A Survey of Temporal Credit Assignment in Deep Reinforcement Learning
Eduardo Pignatelli, Johan Ferret, Matthieu Geist, Thomas Mesnard, Hado, van Hasselt, Olivier Pietquin, Laura Toni

TL;DR
This survey reviews the state of the art in Temporal Credit Assignment in deep reinforcement learning, proposing a unifying formalism, analyzing challenges, and discussing evaluation protocols to advance understanding and research in the field.
Contribution
It introduces a unifying formalism for credit, compares algorithms, and provides a comprehensive overview of challenges and evaluation methods in Temporal Credit Assignment for deep RL.
Findings
Proposes a formalism for credit that enables algorithm comparison.

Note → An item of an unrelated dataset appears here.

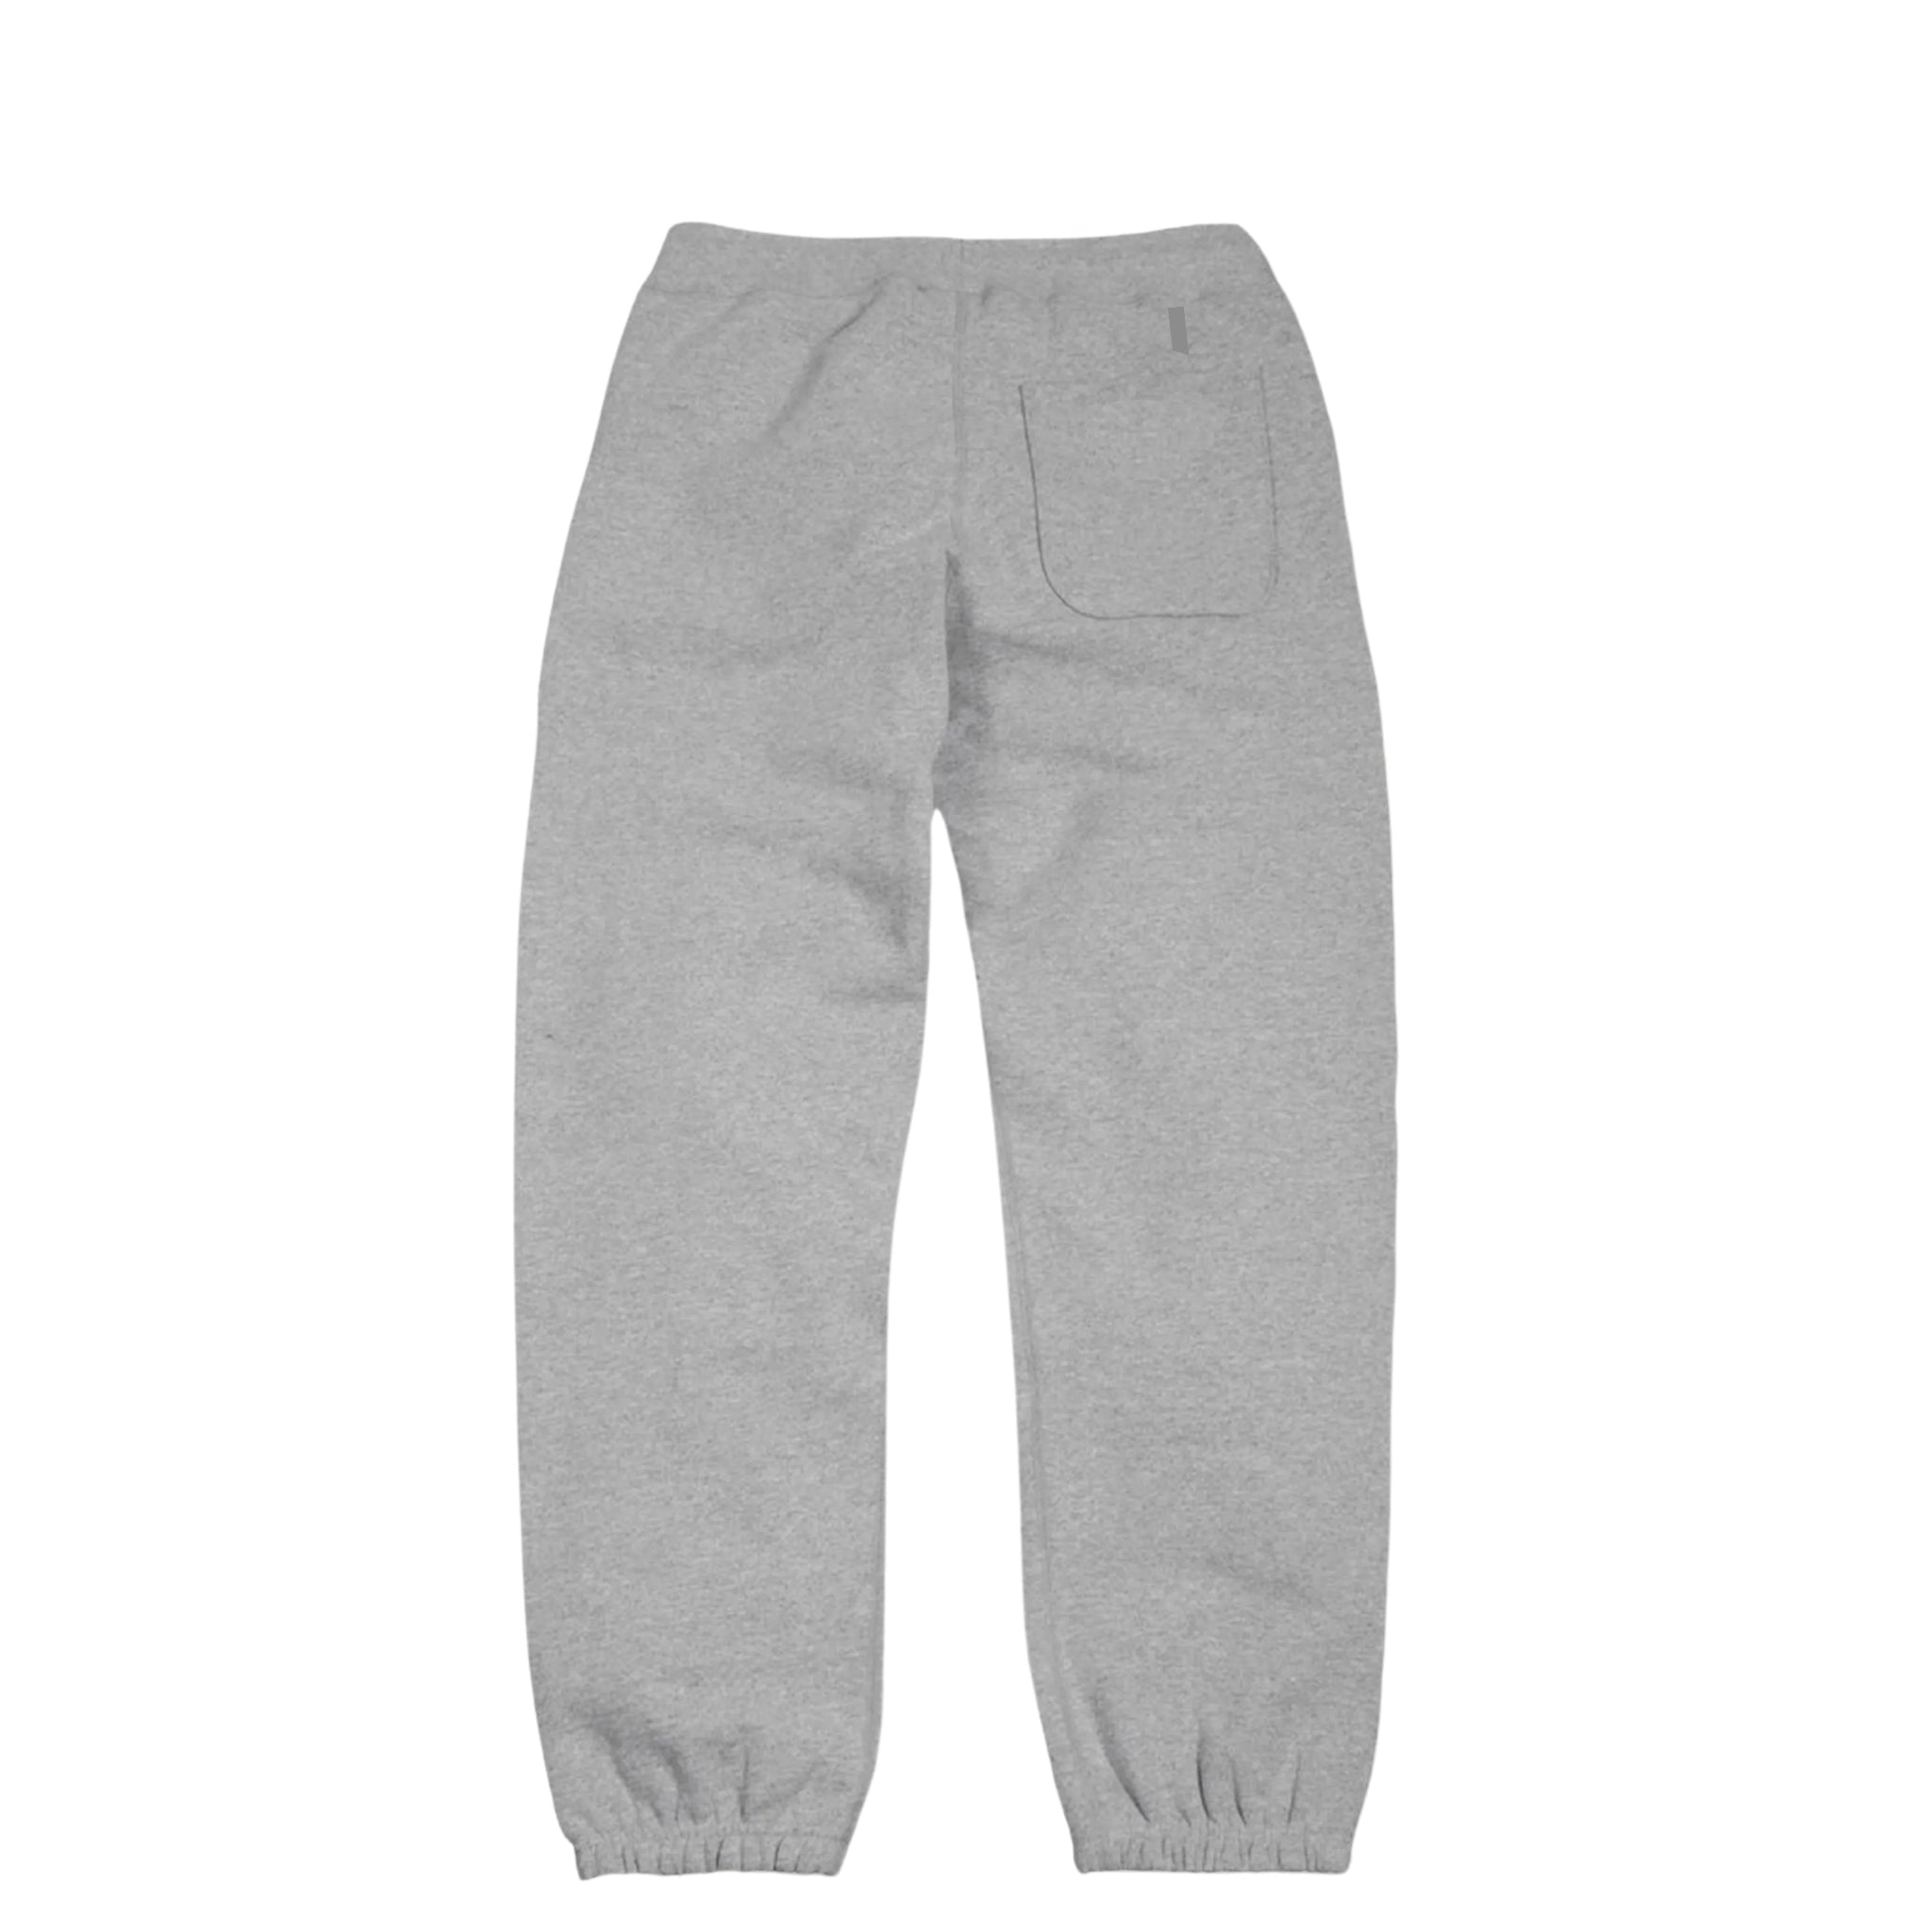 back view of grey heavyweight knit joggers against white background
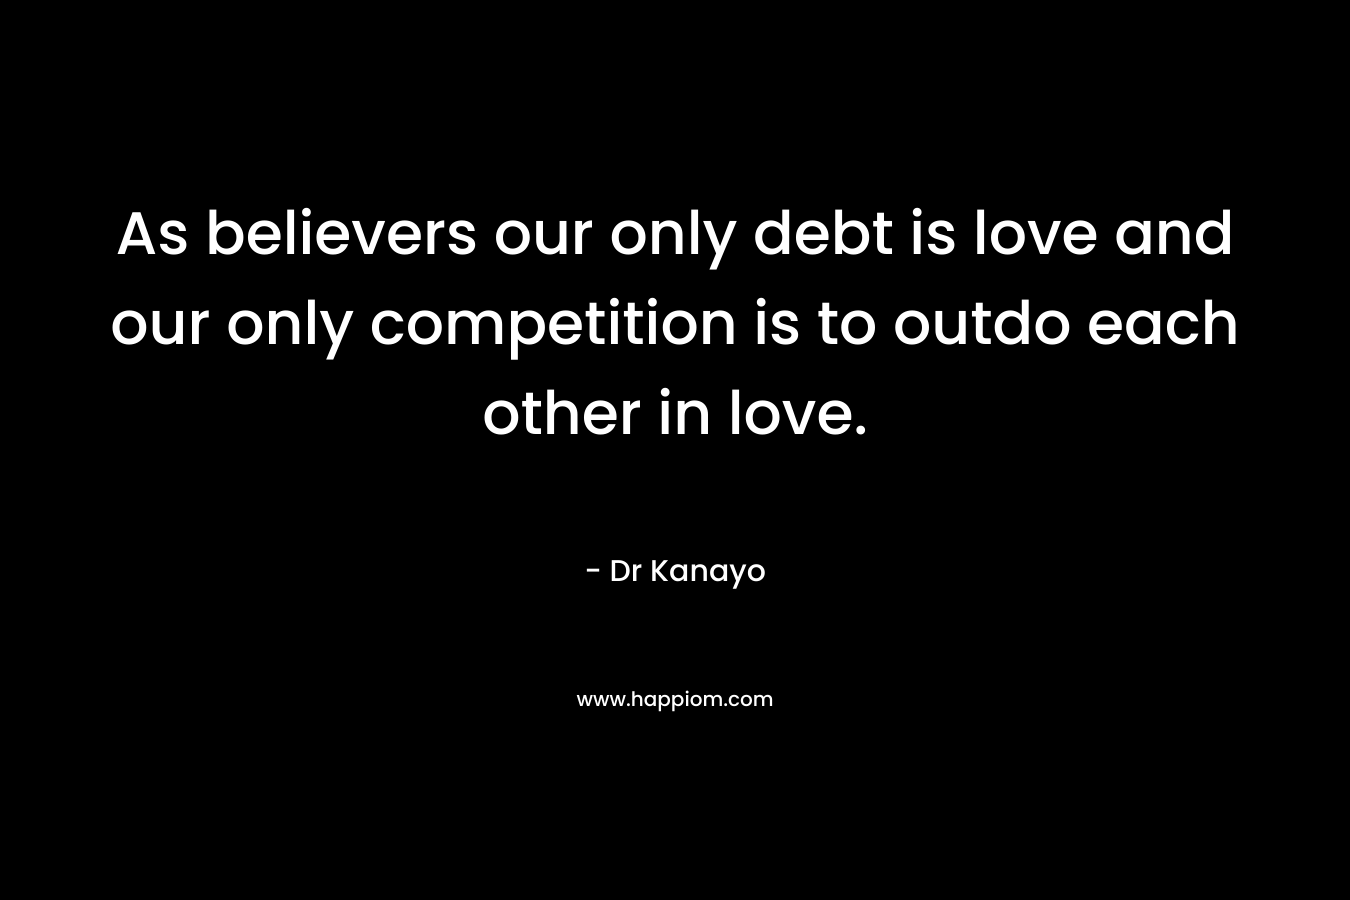 As believers our only debt is love and our only competition is to outdo each other in love. – Dr Kanayo

Analyzes challenges like delayed effects and lack of influence.
Suggests evaluation protocols and future research directions.
Abstract
The Credit Assignment Problem (CAP) refers to the longstanding challenge of Reinforcement Learning (RL) agents to associate actions with their long-term consequences. Solving the CAP is a crucial step towards the successful deployment of RL in the real world since most decision problems provide feedback that is noisy, delayed, and with little or no information about the causes. These conditions make it hard to distinguish serendipitous outcomes from those caused by informed decision-making. However, the mathematical nature of credit and the CAP remains poorly understood and defined. In this survey, we review the state of the art of Temporal Credit Assignment (CA) in deep RL. We propose a unifying formalism for credit that enables equitable comparisons of state-of-the-art algorithms and improves our understanding of the trade-offs between the various methods. We cast the CAP as the…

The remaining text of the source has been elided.